Mark Tinka mark.tinka at seacom.mu
Sat Jul 29 11:15:53 UTC 2017



On 28/Jul/17 21:02, Owen DeLong wrote:

> Let’s use a better analogy… This is more like a store being operated in a time of shortage.
> Let’s use eggs for the example.
>
> As a store owner, you know that there is a looming shortage of eggs because of some horrible
> disease that has afflicted all of the local chickens and egg production is less than 1/4 of
> normal.
>
> Would you limit the number of cartons of eggs each customer can buy and prohibit customers from
> getting in line again if they need more eggs? Would you tell the commercial bakery down the street
> that you will not sell them 12 dozen eggs because you might have families coming in tomorrow that
> might need eggs?
>
> No, you’re going to pocket the cash as fast as you can and sell the eggs to whoever wants to buy
> them.

Not to go completely off-topic, and certainly irrelevant to the ongoing
discussion about this policy proposal, but; I (and a few others on this
list, I'm sure) spent some of their early childhood growing up during
some kind of war in their country. For me, it was when Obote was being
ousted by Museveni, 1985, Uganda. Rationing of goods and food was the
norm at pretty much every shop, large and small.
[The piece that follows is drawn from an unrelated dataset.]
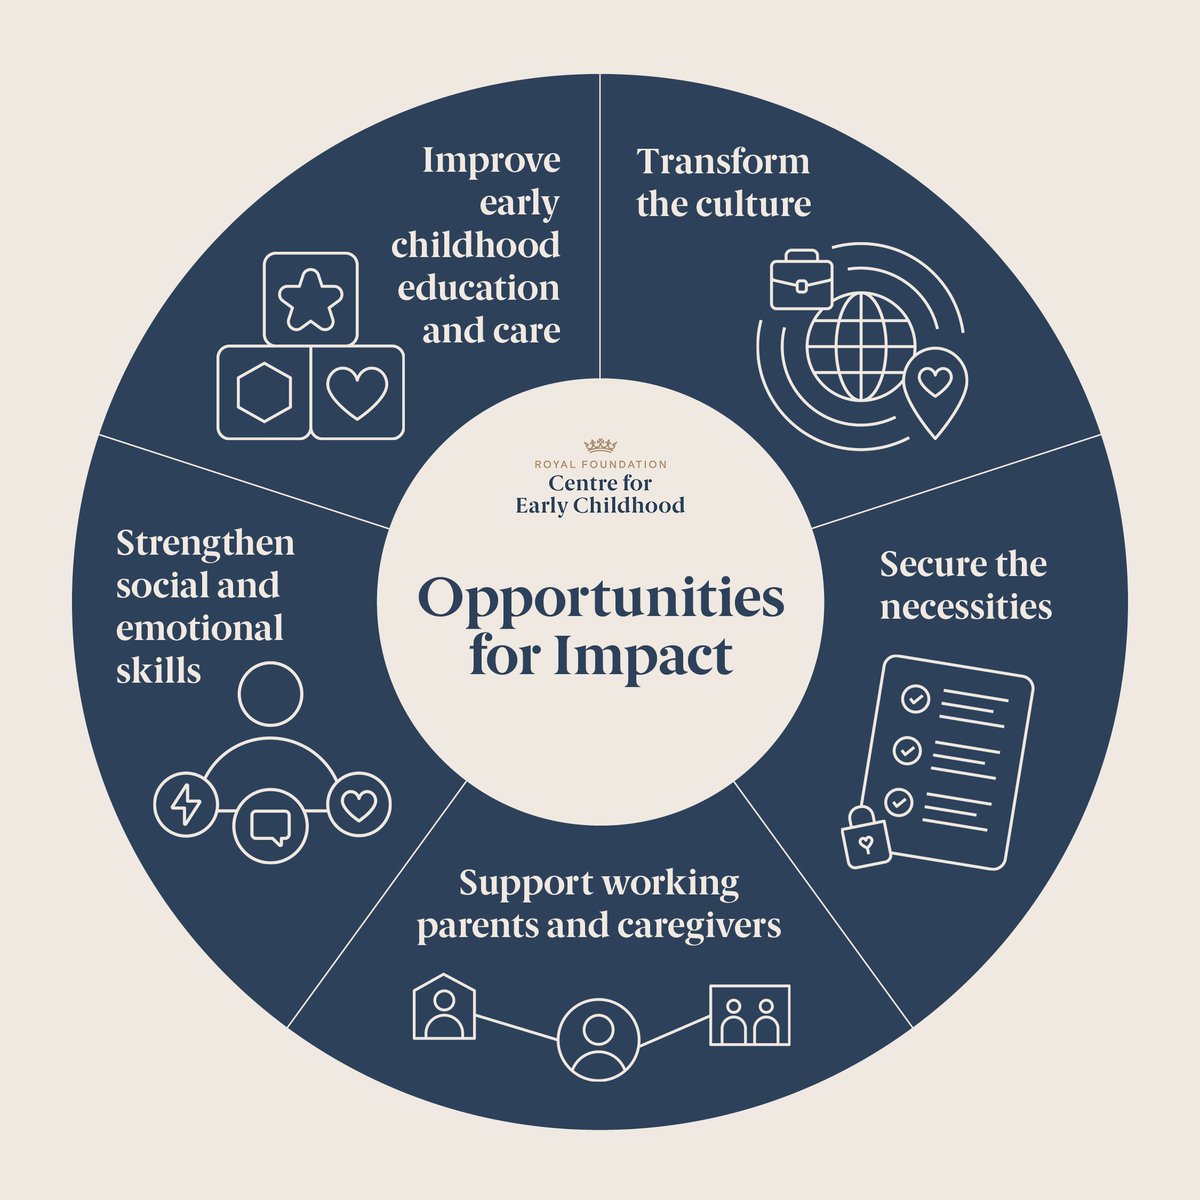 Whether it's helping families access support they need, prioritising social and emotional well-being of children and the adults in their lives, or creating a culture that prioritises early childhood, your business can make an impact: …inesscase.centreforearlychildhood.org/get-involved/ #CaseForEarlychildhood

When I lived in Zimbabwe, 2005 - 2007, rationing of goods and food was
the norm at pretty much every shop, large and small.

Even now, in South Africa, there are certain items on the shelves - in
supermarkets - that will have a notice attached to them to limit the
number of units a single person can purchase, in case of a national
shortage, e.g., milk.

In pure capitalism theory, one wants to get rid of capacity as quickly
as possible, as it's cash in the hand and makes business sense (the same
way I want to get rid of as much bandwidth as I can when I build that
capacity). But as I've seen in recent decades, for some reason or other,
it isn't always the case.

Again, I'm just questioning the analogy, not the policy proposal...
still making my mind up about the latter.

Mark.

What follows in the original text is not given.